17986449. SCHEDULING PROJECT ACTIVITIES USING TWIN COMPUTING SIMULATION simplified abstract (INTERNATIONAL BUSINESS MACHINES CORPORATION)
Contents
- 1 SCHEDULING PROJECT ACTIVITIES USING TWIN COMPUTING SIMULATION
- 1.1 Organization Name
- 1.2 Inventor(s)
- 1.3 SCHEDULING PROJECT ACTIVITIES USING TWIN COMPUTING SIMULATION - A simplified explanation of the abstract
- 1.4 Simplified Explanation
- 1.5 Potential Applications
- 1.6 Problems Solved
- 1.7 Benefits
- 1.8 Potential Commercial Applications
- 1.9 Possible Prior Art
- 1.10 Unanswered Questions
- 1.11 Original Abstract Submitted
SCHEDULING PROJECT ACTIVITIES USING TWIN COMPUTING SIMULATION
Organization Name
INTERNATIONAL BUSINESS MACHINES CORPORATION
Inventor(s)
Nitika Sharma of Zirakpur (IN)
Sarbajit K. Rakshit of Kolkata (IN)
SCHEDULING PROJECT ACTIVITIES USING TWIN COMPUTING SIMULATION - A simplified explanation of the abstract
This abstract first appeared for US patent application 17986449 titled 'SCHEDULING PROJECT ACTIVITIES USING TWIN COMPUTING SIMULATION
Simplified Explanation
The patent application describes a proactive optimization method based on a critical path analysis for improving processes by identifying and mitigating delays.
- Collect data on tasks in a process's contextual situation
- Train a twin computing simulation model for each task using the collected data
- Run a contextual situation simulation using the simulation models to determine the critical path causing delays
- Identify an optimized task using machine learning to mitigate delays from the critical path
Potential Applications
This technology could be applied in various industries such as manufacturing, logistics, project management, and healthcare to optimize processes and improve efficiency.
Problems Solved
This technology addresses the issue of delays in processes by identifying the critical path causing the delays and optimizing tasks to mitigate them, leading to improved productivity and performance.
Benefits
The benefits of this technology include increased efficiency, reduced delays, improved process optimization, and enhanced overall performance in various industries.
Potential Commercial Applications
Potential commercial applications of this technology include process optimization software, consulting services for efficiency improvement, and integration into existing project management systems for enhanced performance.
Possible Prior Art
One possible prior art could be traditional critical path analysis methods used in project management to identify the sequence of tasks that determine the overall duration of a project. Another could be machine learning algorithms applied to process optimization in various industries.
Unanswered Questions
How does the twin computing simulation model differ from traditional simulation models in process optimization?

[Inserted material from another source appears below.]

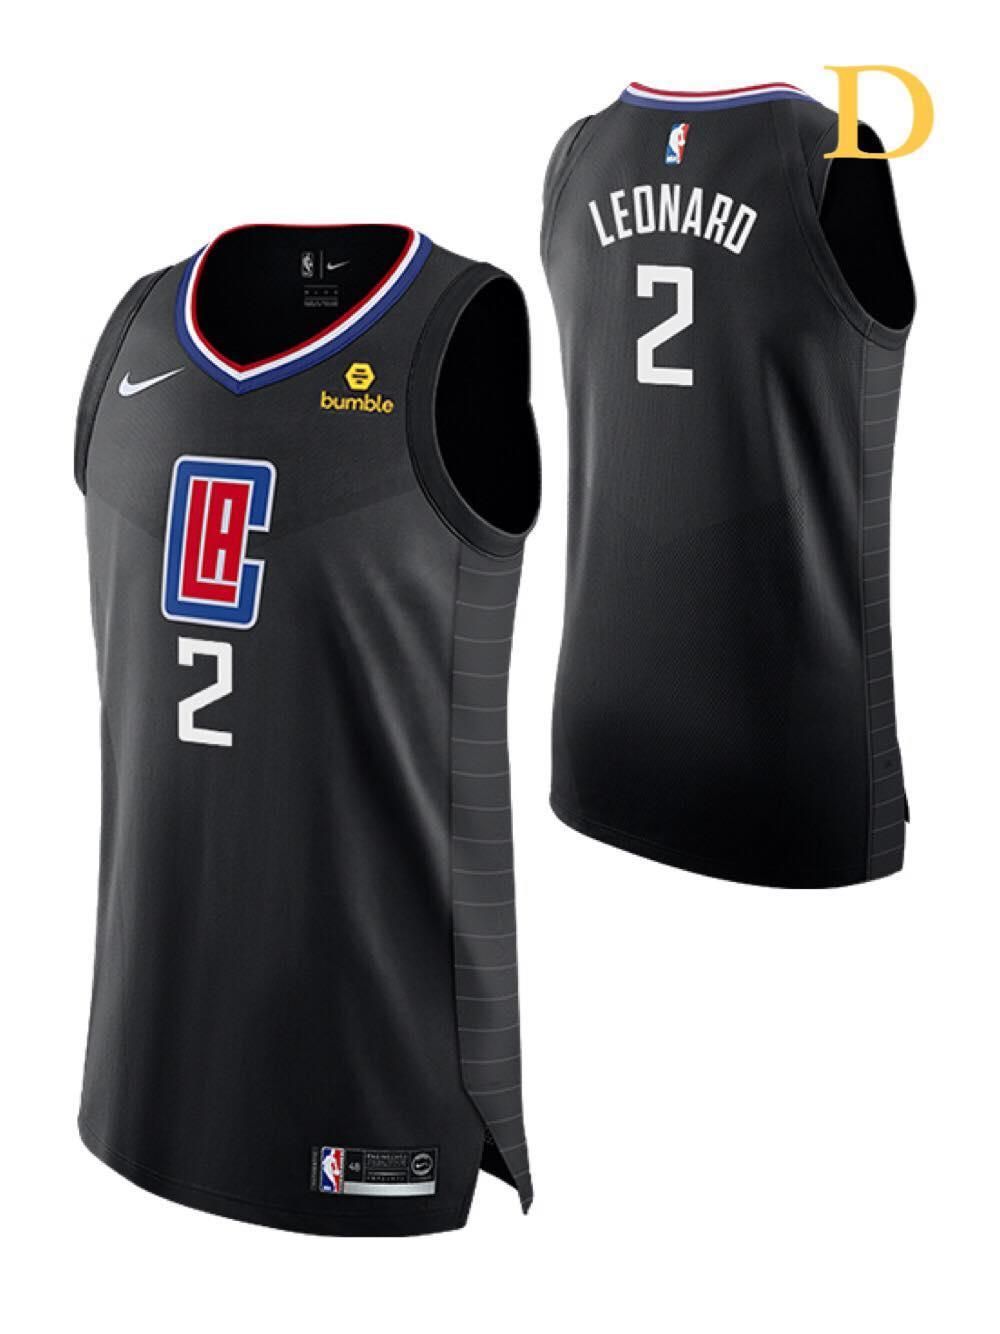 leonard basketball jersey

The patent application does not provide a detailed comparison between the twin computing simulation model and traditional simulation models in the context of process optimization.
What specific machine learning algorithms are employed to identify the optimized task in the contextual situation?
The patent application does not specify the exact machine learning algorithms used to determine the optimized task for mitigating delays in the process.
Original Abstract Submitted
A critical path based proactive optimization that includes collecting data on the tasks of contextual situation for performing a process and training a twin computing simulation model using the collected data for each task in the process. A contextual situation simulation is run using the simulation models for each task in the process to determine a critical path that causes delay in the process. An optimized task is determined from the tasks of the contextual situation using machine learning employing the collected data, wherein the optimized task mitigates delay in the process from the critical path.